SSA uses a standardized five-step sequential evaluation to decide every SSDI claim:

  1. Are you working above SGA? The Substantial Gainful Activity (SGA) threshold adjusts annually. Earning above it generally disqualifies you from SSDI, regardless of your condition.
  2. Is your condition severe? It must significantly limit your ability to do basic work activities.
  3. Does your condition meet a Listing? SSA maintains a "Blue Book" of impairments. Meeting one can mean faster approval.
  4. Can you do your past work? SSA assesses your Residual Functional Capacity (RFC) — what you can still do despite your limitations — against jobs you've held before.
  5. Can you do any other work? If you can't do past work, SSA considers your age, education, and RFC to determine if other jobs exist in the national economy that you could perform.

Age plays a meaningful role in steps 4 and 5. Applicants over 50 are evaluated under different vocational rules (the Medical-Vocational Grid), which can make approval more likely for some profiles.

After You Apply: The Appeal Stages ⚖️

Most initial SSDI applications in North Carolina are denied. That denial is not the end of the road.

Stage 1 — Initial Application: DDS reviews your case. Processing typically takes three to six months, though timelines vary.

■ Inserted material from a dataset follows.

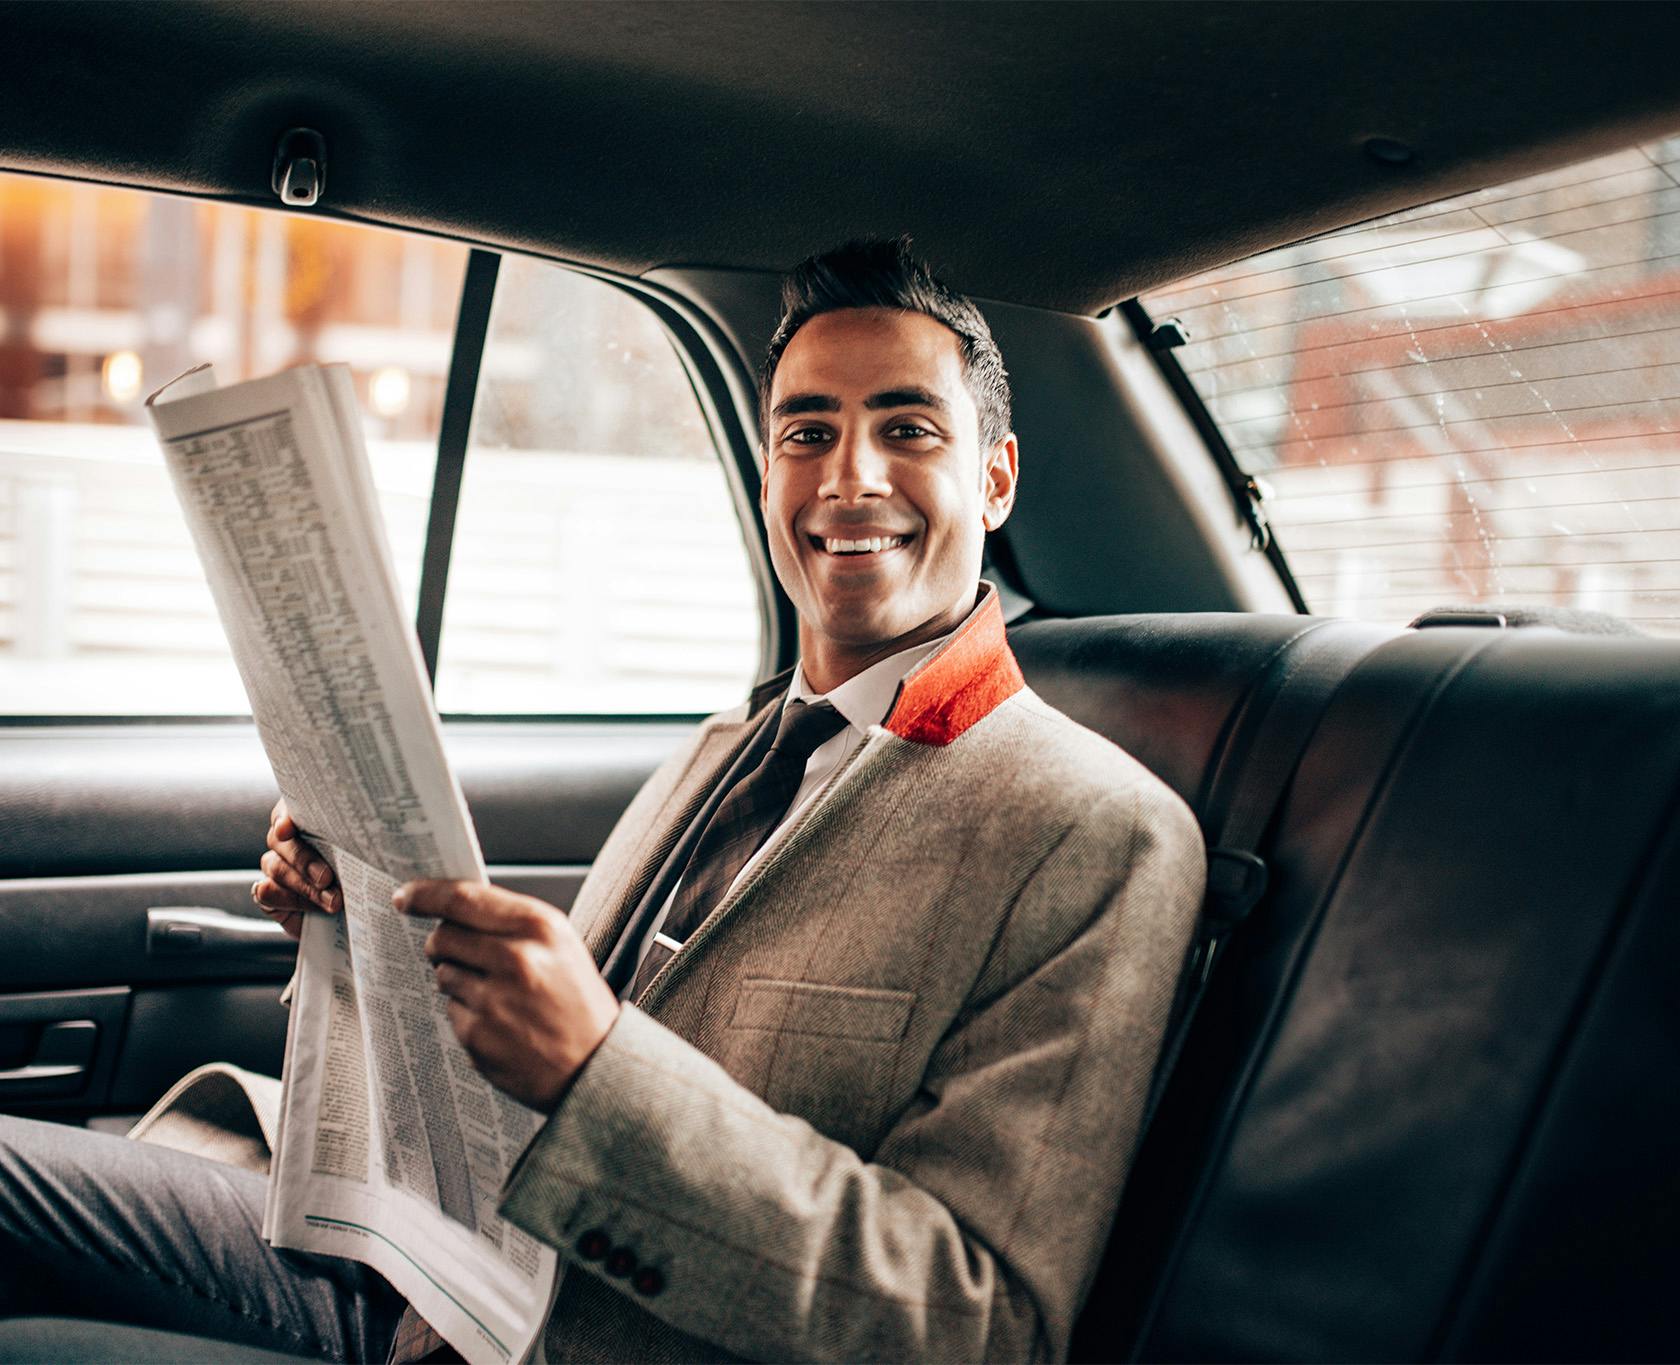 Man in formal attire sitting in a car
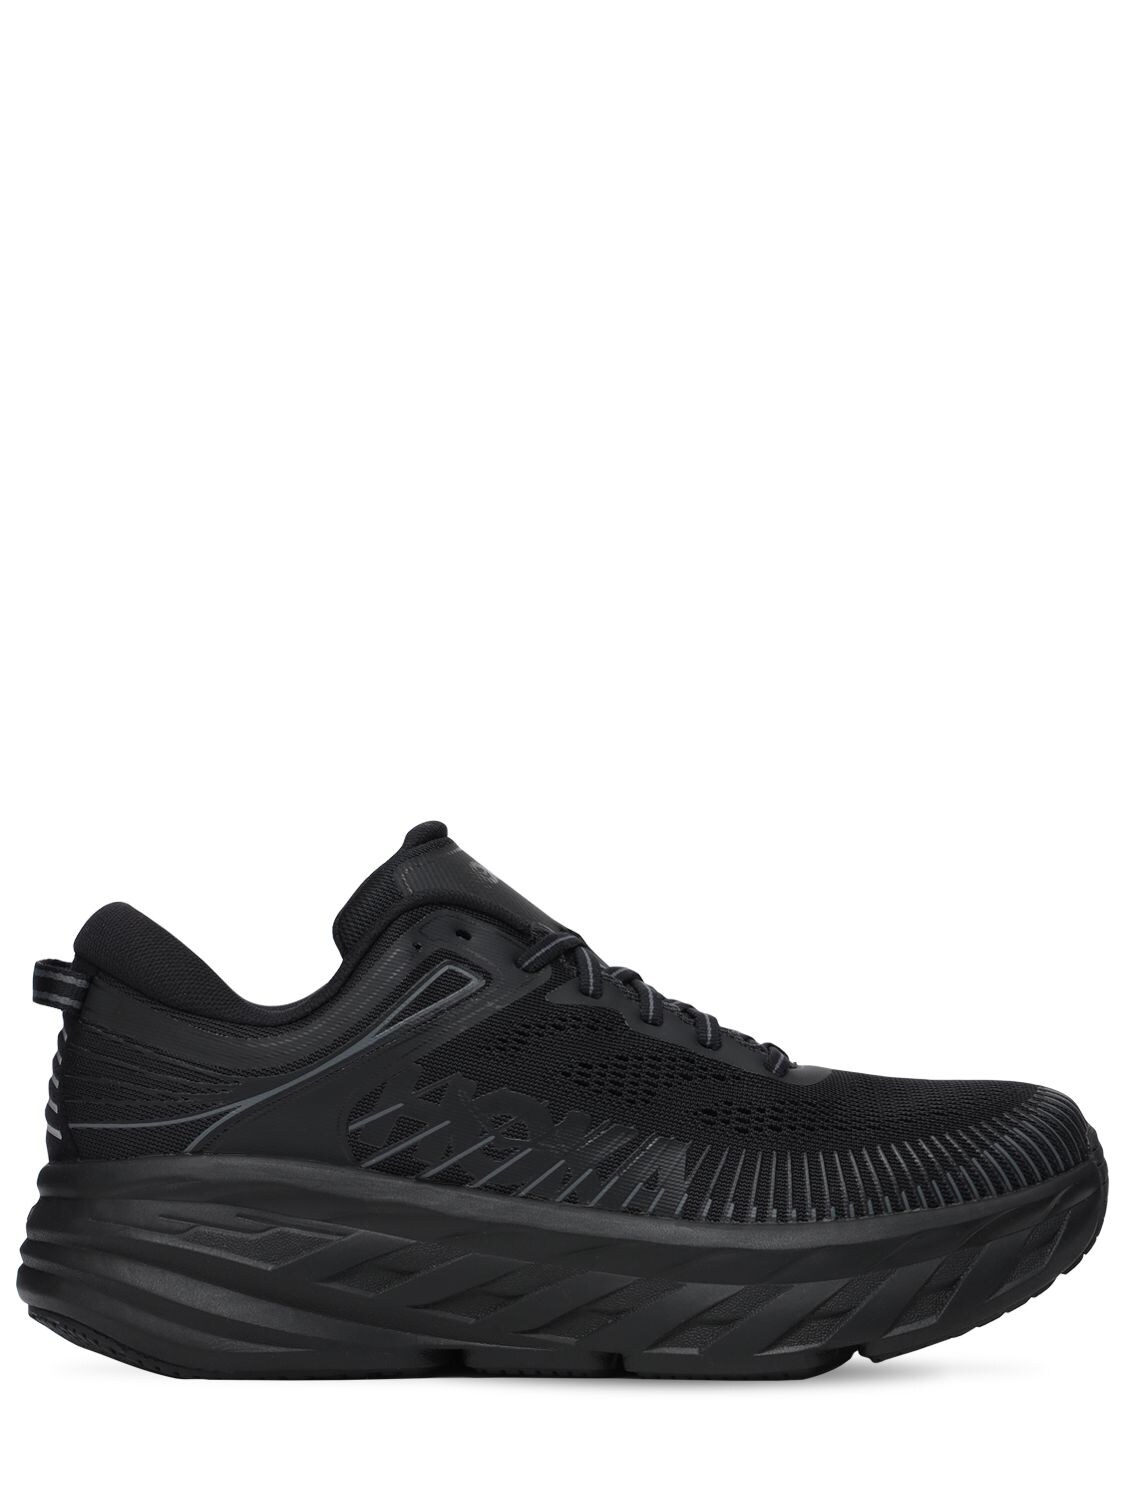 Hoka One One Bondi 7 Running Sneakers In Black

Stage 2 — Reconsideration: If denied, you can request reconsideration within 60 days. A different DDS examiner reviews the claim from scratch.

Stage 3 — ALJ Hearing: If denied again, you can request a hearing before an Administrative Law Judge (ALJ). This is a live proceeding where you present your case, and often where many claimants eventually receive approval. Wait times for ALJ hearings in North Carolina have historically run over a year in some offices.

Stage 4 — Appeals Council: If the ALJ denies your claim, you can request review by the SSA Appeals Council.

Stage 5 — Federal Court: The final level of appeal is the U.S. District Court.

What Approval Means in North Carolina

If approved, your monthly benefit amount is based on your lifetime earnings record — not your current income or the severity of your condition. SSA calculates it using your Average Indexed Monthly Earnings (AIME). Benefit amounts adjust annually with Cost-of-Living Adjustments (COLAs).

SSDI recipients also become eligible for Medicare after a 24-month waiting period from the date they're entitled to benefits. Some North Carolina residents with low income and resources may qualify for both Medicare and Medicaid, providing dual coverage.

Back pay — covering the period from your established onset date through approval, minus a five-month waiting period — may be paid in a lump sum or installments depending on the amount.

The Part Only You Can Fill In

The process described here applies to every North Carolina SSDI applicant. What it can't account for is how your specific medical condition, work record, age, and earnings history interact with SSA's rules. Two people with the same diagnosis can receive entirely different outcomes based on those variables. That gap — between how the program works and how it applies to your situation — is what makes each claim genuinely individual.